Twelve rooms at the Royal Academy have been taken over for the show, which includes bark paintings, early colonial watercolours, heroic pioneer scenes and modern works.
The landscape forms a thread that links them all together, from the inhospitable bush portrayed by the early settlers to the abstract Indigenous paintings of ceremonial places.
But The Sunday Times' Waldemar Januszczak wrote much of the so-called cream of Australian art is "lightweight, provincial and dull, and some of it is reminiscent of liquid crap".
Mr Januszczak described Indigenous art as “tourist tat”, Frederick McCubbin's famous The Pioneer as “poverty porn”, and Fred Williams' desert landscape as “thick cowpats of minimalism”.
In his most vivid metaphor, Januszczak took aim at John Olsen's 'Sydney Sun', saying it “successfully evokes the sensation of standing under a cascade of diarrhoea.”
The National Gallery called it a magnificent work by one of Australia's most distinguished artists when it was purchased for half a million dollars in 2000.
Olsen dismissed the review as ‘‘extremely foolish’’ and ‘‘an attempt to put Colonials in their place’’.
He told Fairfax his artwork was inspired by NASA photos of the sun that showed immense globules of energy emanating from the source.
‘‘It's not just a simplistic idea. You can call it diarrhoea or energy. It just depends on what you ate last night".
But not all reviews were negative. The Independent praised the exhibition, joining the Royal Academy in proclaiming its latest show of Australian art as “the most comprehensive survey of Australian art to have been shown outside Australia.”
"Which indeed it is, a shoulders-back display of 200 works covering 200 years of a country which has long found expression in its visual art," wrote Adrian Hamilton on Sunday.
"Two hundred years is a lot of ground to cover," said Kathleen Soriano, the Royal Academy's director of exhibitions.
THE EXHIBITION
The earliest colonial art shows a wariness of Australia's terrain, which the first British settlers in 1788 found hard to cultivate, portraying settlements as bright spots in a dark and dangerous landscape.
But the paintings chart how those who survived built railways and raised cattle, and finally began to enjoy the views - and the beach.

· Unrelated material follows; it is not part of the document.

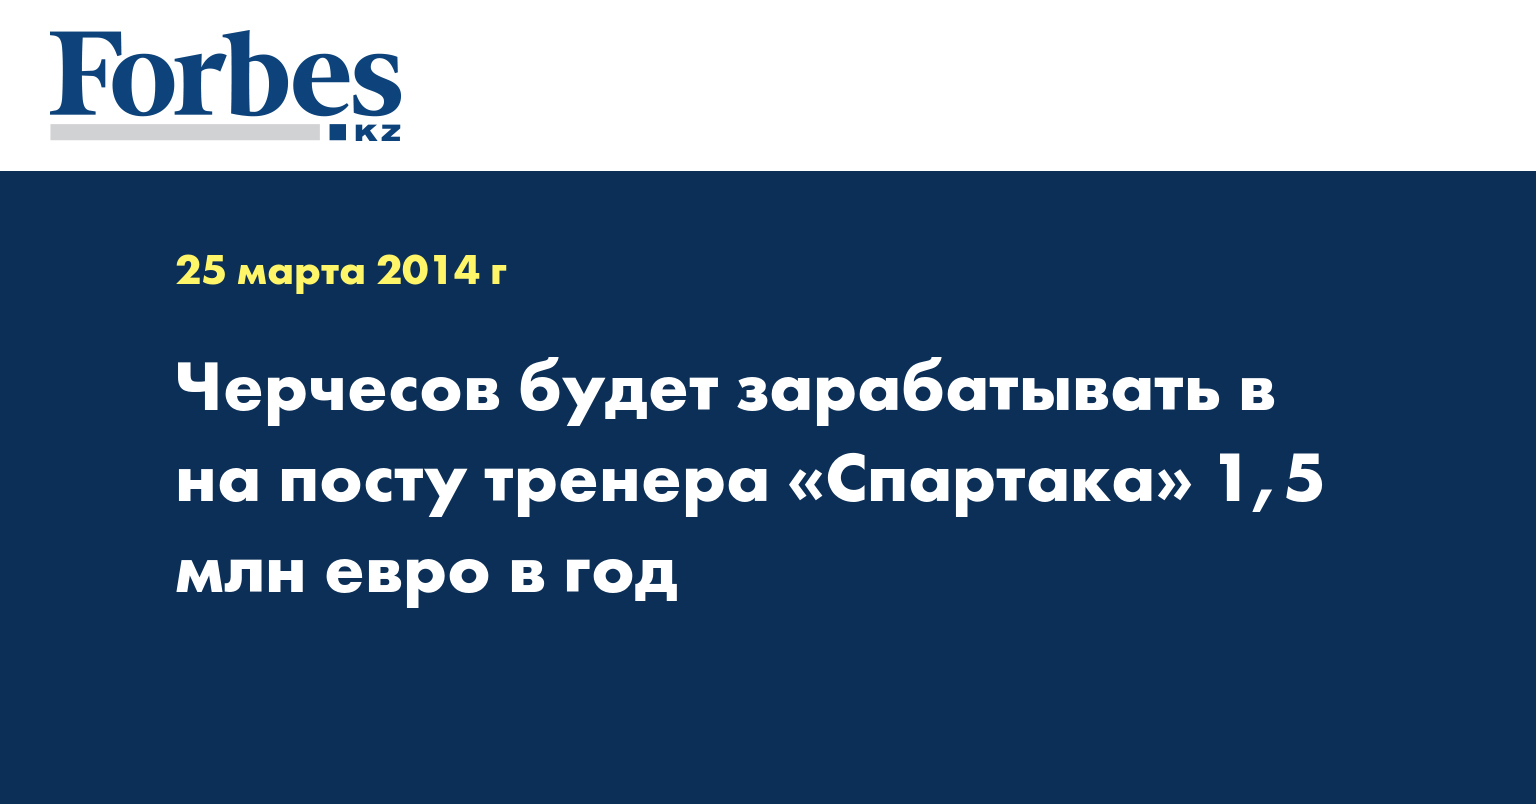 Черчесов будет зарабатывать в на посту тренера «Спартака» 1,5 млн евро в год
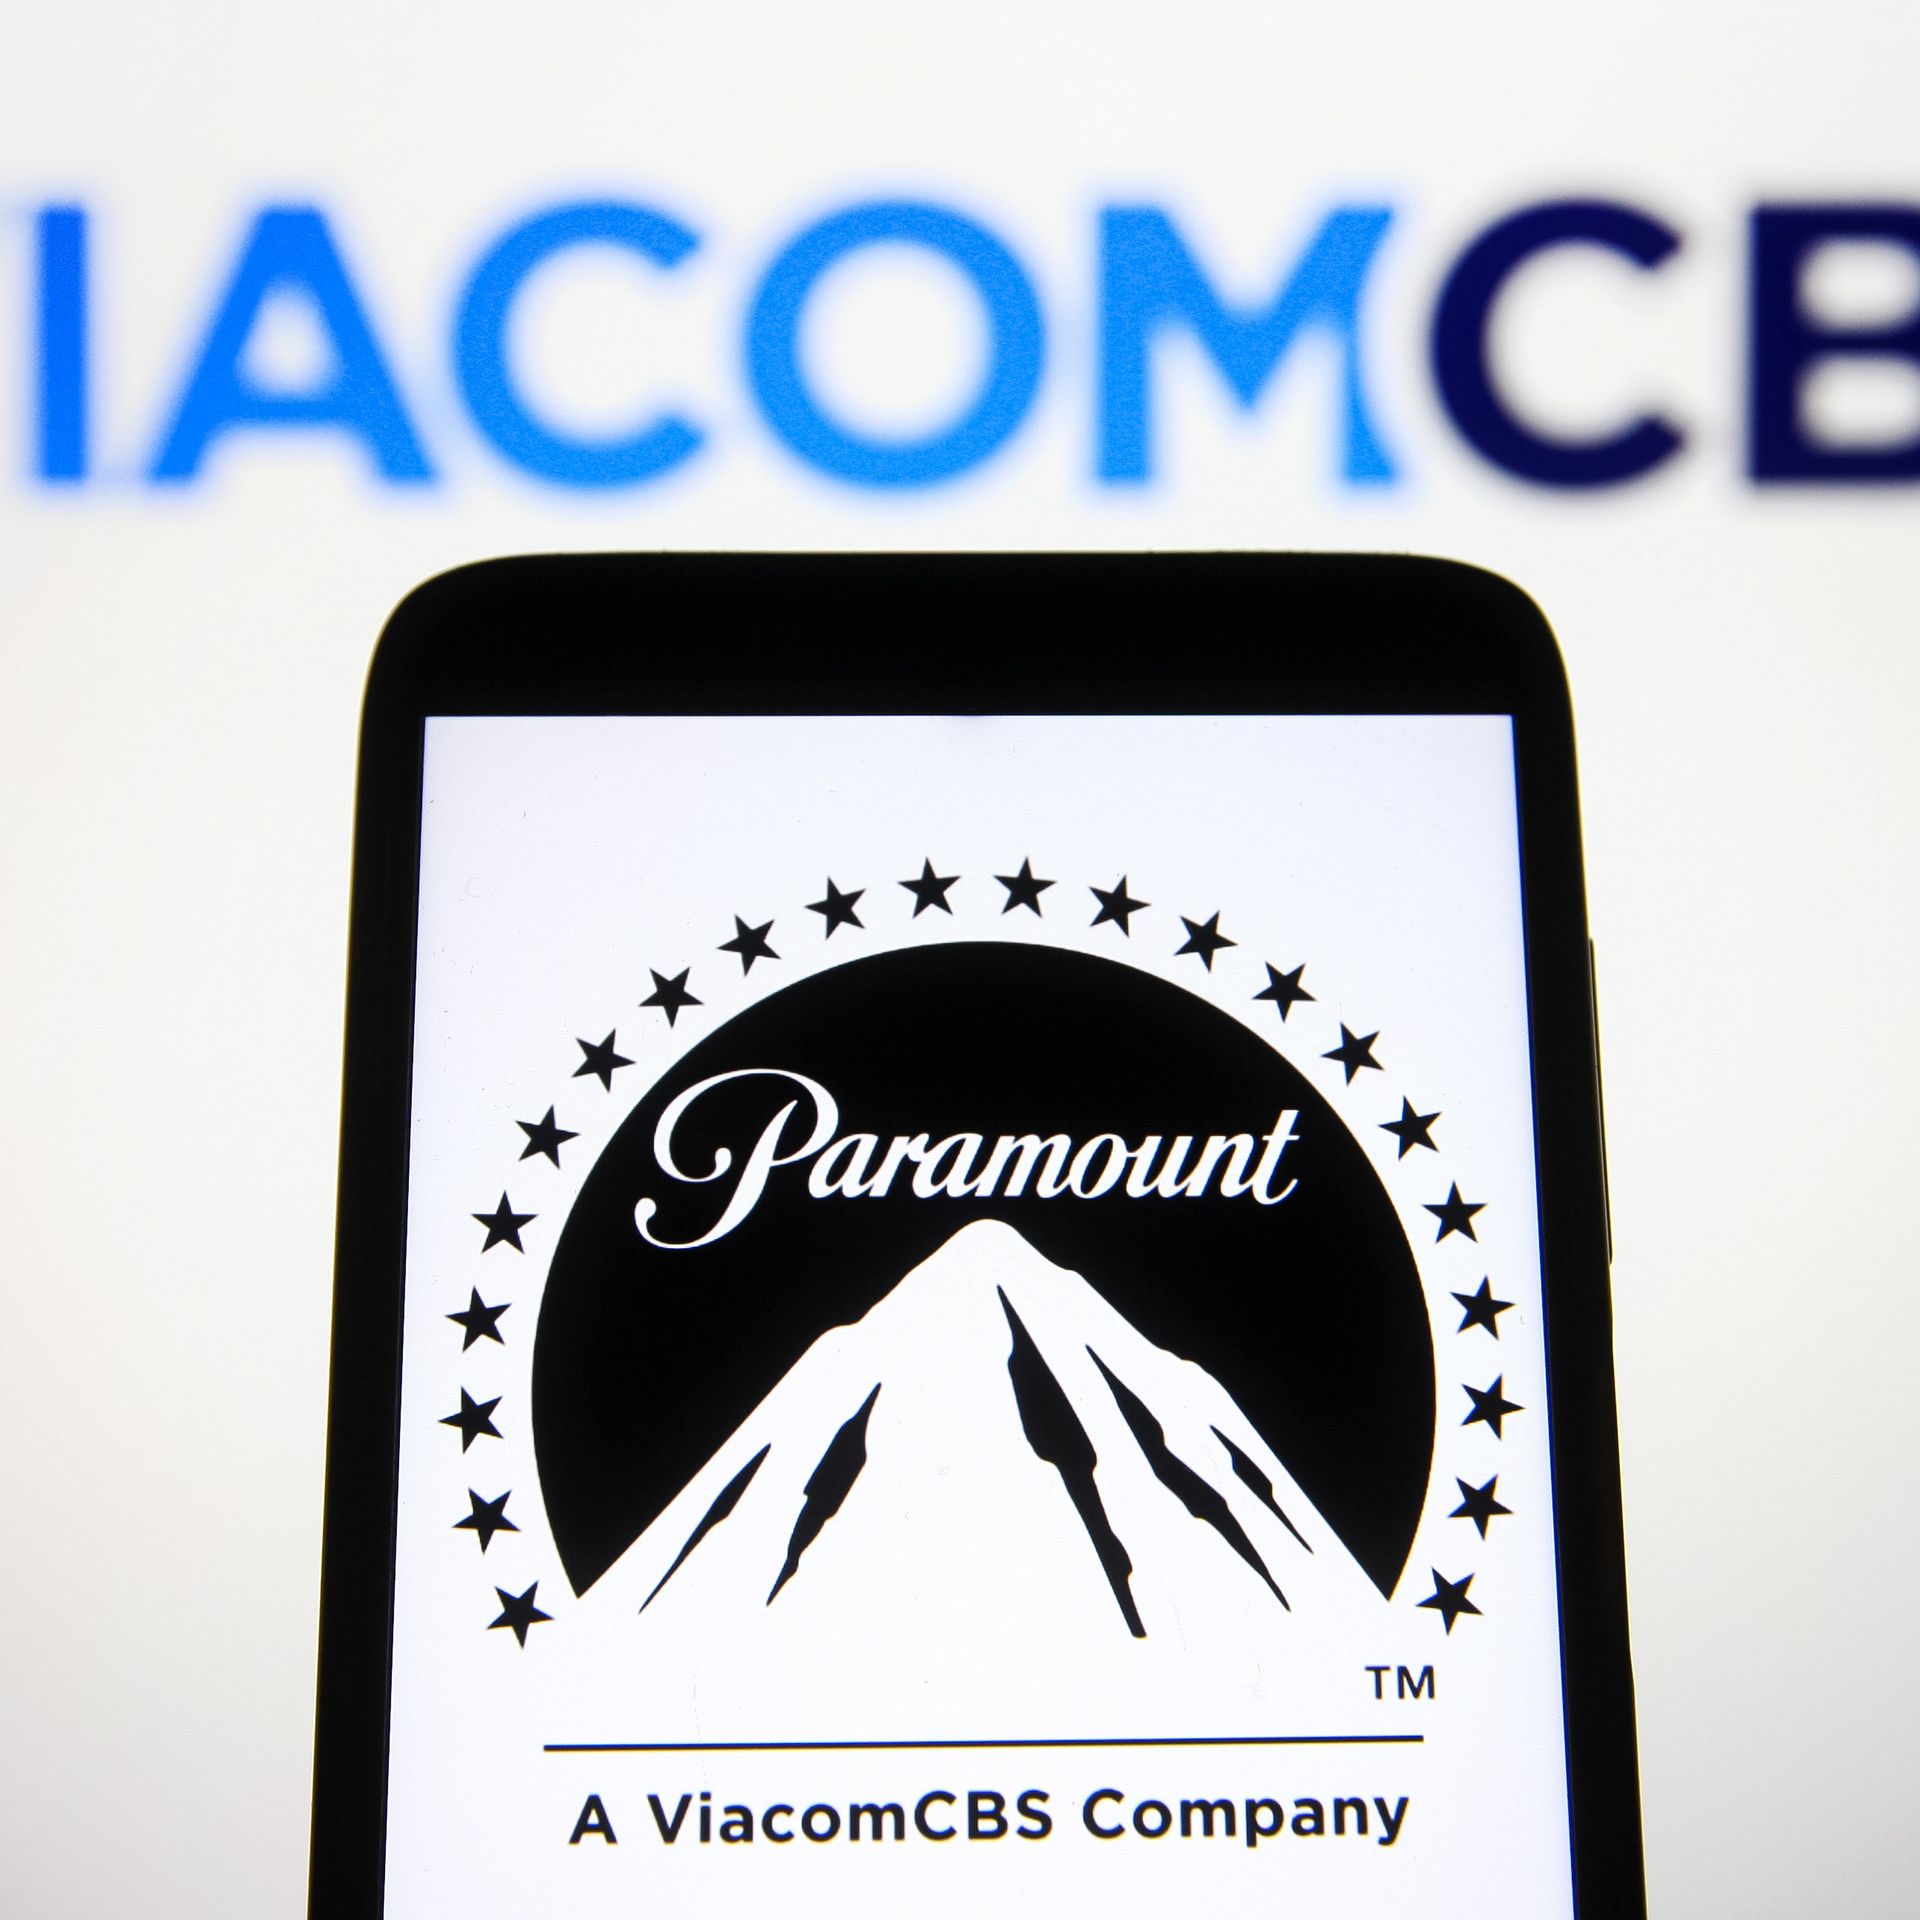 Viacomcbs share price

Many early works are watercolours in the English tradition, but after the gold rush other Europeans and Chinese began arriving, bringing different styles with them.
Some artists acknowledged the price the Indigenous people paid for the colonial expansion, including Eugene von Guerard in his "Stony Rises" (1857), which shows a group of Aborigines cast in darkness as the sun sets.
"It's the sun setting on the Aboriginal people," said Ron Radford, director of the National Gallery of Australia who co-curated the show.
ABORIGINAL ART
The exhibition showcases some spectacular Aboriginal art, including eucalyptus bark paintings from Arnhem Land, northern Australia, and works by Albert Namatjira, who learned watercolours while acting as a guide and painted some of the earliest and most striking pictures of the Australian desert.
There are works from the 1970s, when Aboriginal men in the Western Desert began to paint their mythology or "dreaming" on discarded building materials. There are also more modern paintings, such as Anatjari Tjampitjinpa's concentric circles from 1981, depicting ceremonial grounds in central Australia.
LANDSCAPE AS PART OF IDENTITY
The exhibition also looks at the establishment of the landscape as part of Australian identity, with pictures celebrating the heroism and strength of those forging a new life in rugged terrain.
Frederick McCubbin's 1904 triptych "The Pioneer" shows a young couple starting out with only a wagon, then with a homestead and a child, and finally the son at his father's grave, a new town in the distance.
Four decades later, Sidney Nolan presented his vision of Ned Kelly, an outlaw character similar to England's Robin Hood, outwitting the comically stupid police.
By the 1960s, the landscape had been distorted, as shown by Fred Williams' "Yellow Landscape", which discarded the horizon and depicted trees as mere dots and dashes of paint against a rusty background.
The exhibition closes with modern works, from Peter Dombrovskis's famous photograph of the Franklin River, which became a symbol for the green movement in the 1980s, to Fiona Hall's sardine tins, each with a lid moulded into a plant and a sex act depicted inside the aluminium container.
"If the show ends on an incomplete note, it is because its art, like the country at large, seems still uncertain of where it is going," writes The Independent's Adrian Hamilton.
"For all its size, Australia is still a nation of only some 22 million people – barely more than a third of the United Kingdom’s. No wonder it puts so much emphasis on its native Aboriginal artists. They at least seem confident in their dreaming".
"Australia" runs from September 21 to December 8.